# Ищу хохму про юниксоида

## cub.uanic

Собсно сабж.

Когда-то где-то была хохма, о том как развивается юниксоид - сначала (по молодости  :Smile:  черно-белая консоль вызывают рвотные позывы и непонимание, потом человек первый раз запускат MC, потом настраивает кое-как Иксы, потом конкретно наворачивает оконный менеджер (темы, иконки, десктоп етц)... А в конце-концов, ставши уже гуру, вовращается опять в консоль...

Очень хочется найти эту ВЕЩЬ в оригинале.

Если кто узнал сие чудо и может дать ссылку - буду премного благодарен.

----------

## cub.uanic

Неужто никто не слышал?

----------

## sfx

где то с месяц видел.. прикольная весчь, если журнал не очистился, то постараюсь найти

----------

## sfx

http://yamka.net.ru/index.php?go=News&in=view&id=787

оно?

----------

## cub.uanic

ААААААААААААААААААААААААААААААААААА!!!!!!!!!!!!!!!!!!!!!!!!!!!!!!!!!!!!!!!!!!!!!!!!!!!!!!!!!!!!!!!
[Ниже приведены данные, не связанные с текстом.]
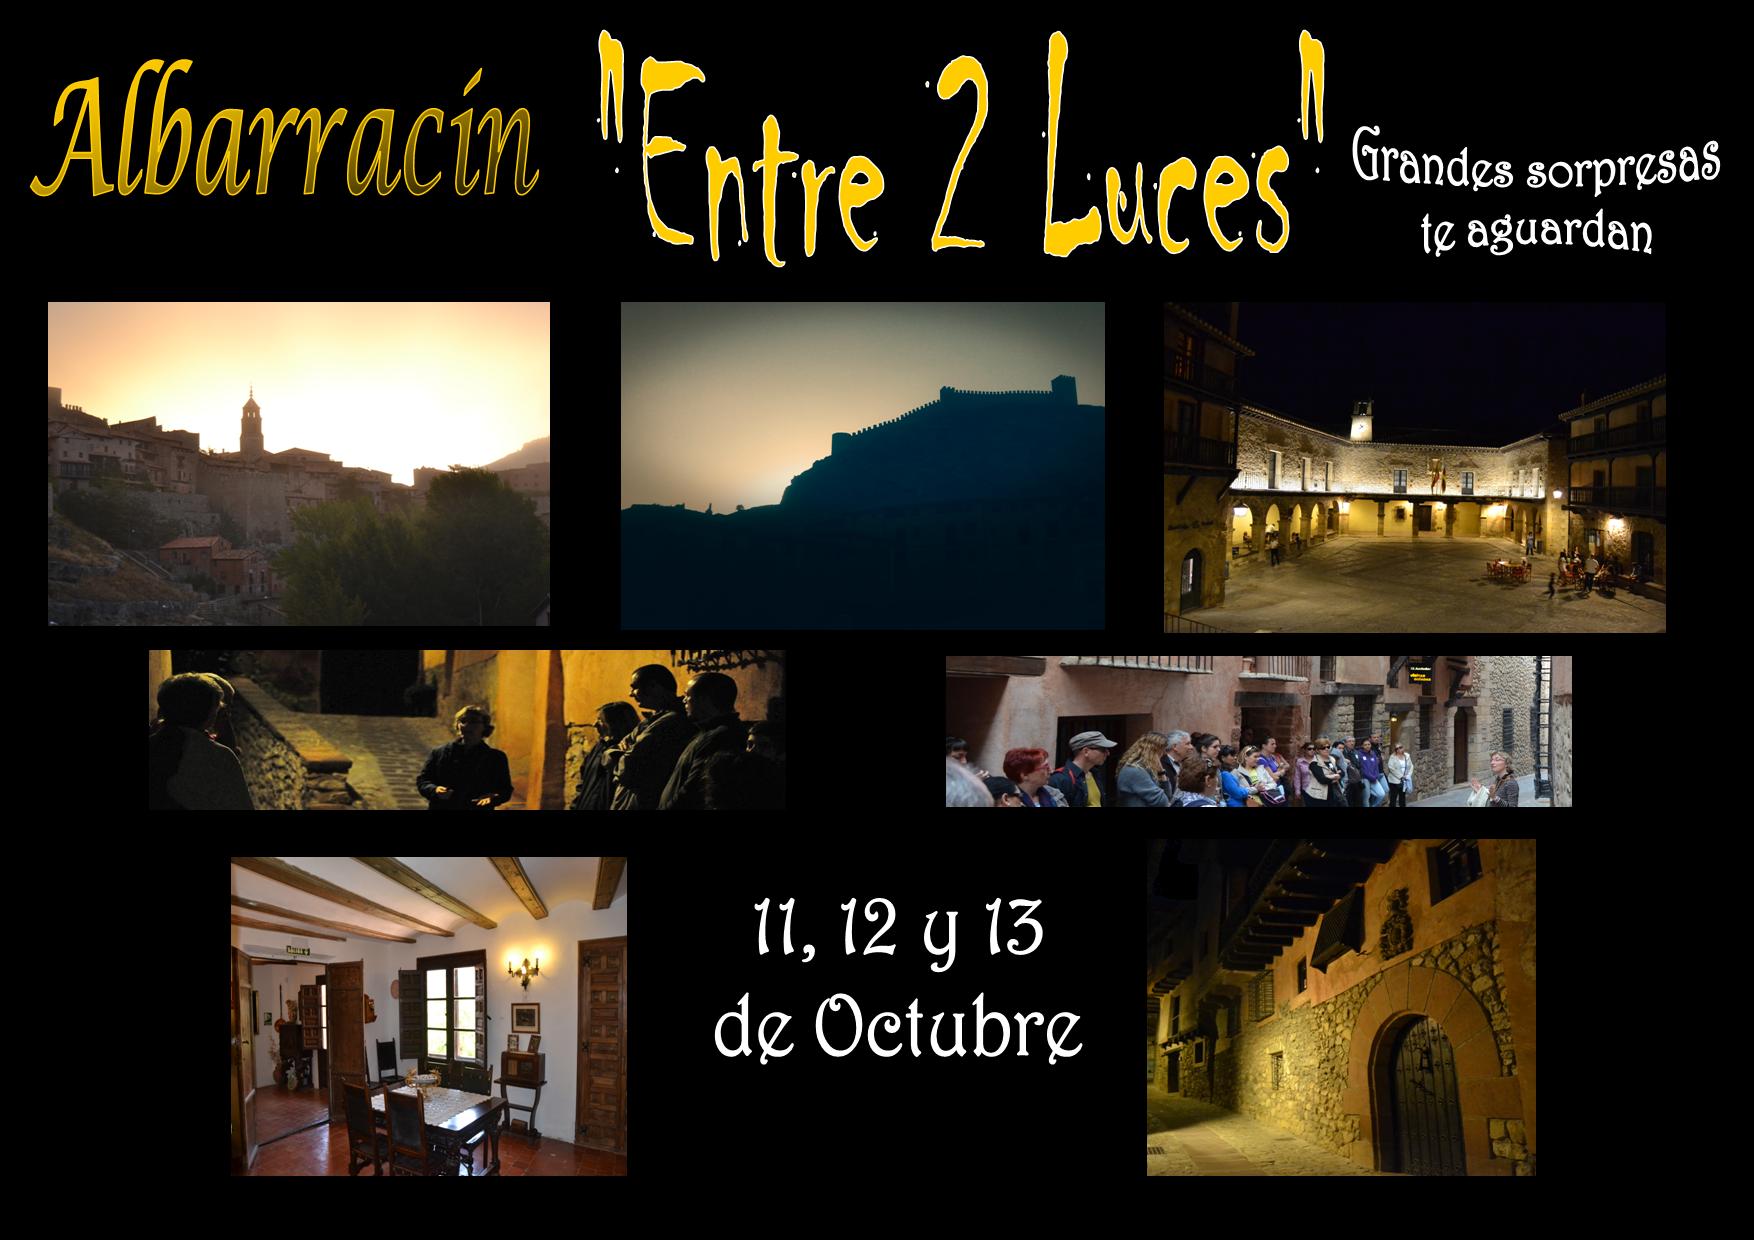 Este Puente del Pilar: Albarracín «Entre 2 Luces» con sorpresas!! 11, 12 y 13 de Octubre

Оно  :Smile:  :Smile:  :Smile:  :Smile: 

Сенк, спаситель  :Wink: 

ЗЫ: дабы не потерять - поместил к себе.

----------

## DisconNecT

Есть еще смешнее - дневник ламера, там про дизайнера  :Smile:  - но вобще жуткий хохот  :Smile: 

Правда не знаю где лежит, вот только на локальной тачке есть  :Smile: 

----------

## Laitr Keiows

 *DisconNecT wrote:*   

> Есть еще смешнее - дневник ламера, там про дизайнера  - но вобще жуткий хохот 
> 
> Правда не знаю где лежит, вот только на локальной тачке есть 

 

По цитатам гугл отлично находит.

----------

## DisconNecT

=) А пусть читают  :Smile: 

Дневни к ламера

День первый. 

Позвонили с работы, сказали, что сегодня привезут компьютер. Совсем у 

начальства крыша поехала, зачем мне, дизайнеру компьютер? Весь день ждал, взял 

больничный, на работу не поехал. Hе привезли. 

День второй. 

Позвонили из доставки, сказали, что приезжали, мол, никого дома не было, 

говорят, что если я не хочу платить неустойку, мне придется забрать его самому. 

Интересно, а сколько он весит? Открыл журнал наука и техника за 55 год, 

полистал. С виду не меньше тонны. Hу, ничего, начальник сказал что он должен 

быть персональным, значит небольшой, наверное. Hа всякий случай подключил 

коллегу, у него КАМАЗ. Когда приехали, нас почему-то сразу же спросили, не 

могли ли мы еще фуру к КАМАЗу прицепить. Я расстроен. Куда такую ерунду 

поставить то? У меня квартира, а не склад электроники. Мужики в синих кофтах 

вынесли две коробки, погрузили. Коробки совсем небольшие и не тяжелые. Странно. 

Показал журнал и фотографию - долго смеялись. Hенормальные. Привез коробки 

домой. Hа них надписи на непонятном языке. Позвонил начальник, сказал, что дает 

мне две недели на освоение нового инструмента. Все спать. 

День третий. 

Проснулся поздно, позвонил в тех поддержку, попросил вызвать специалиста. Меня 

спросили, в чем проблема, и доходчиво объяснили, что мне нужно просто вскрыть 

коробки и вставить в подходящие разъемы провода. Сказали, что с этим даже 

ребенок справиться, и, поэтому специалистов от работы отрывать не будут. 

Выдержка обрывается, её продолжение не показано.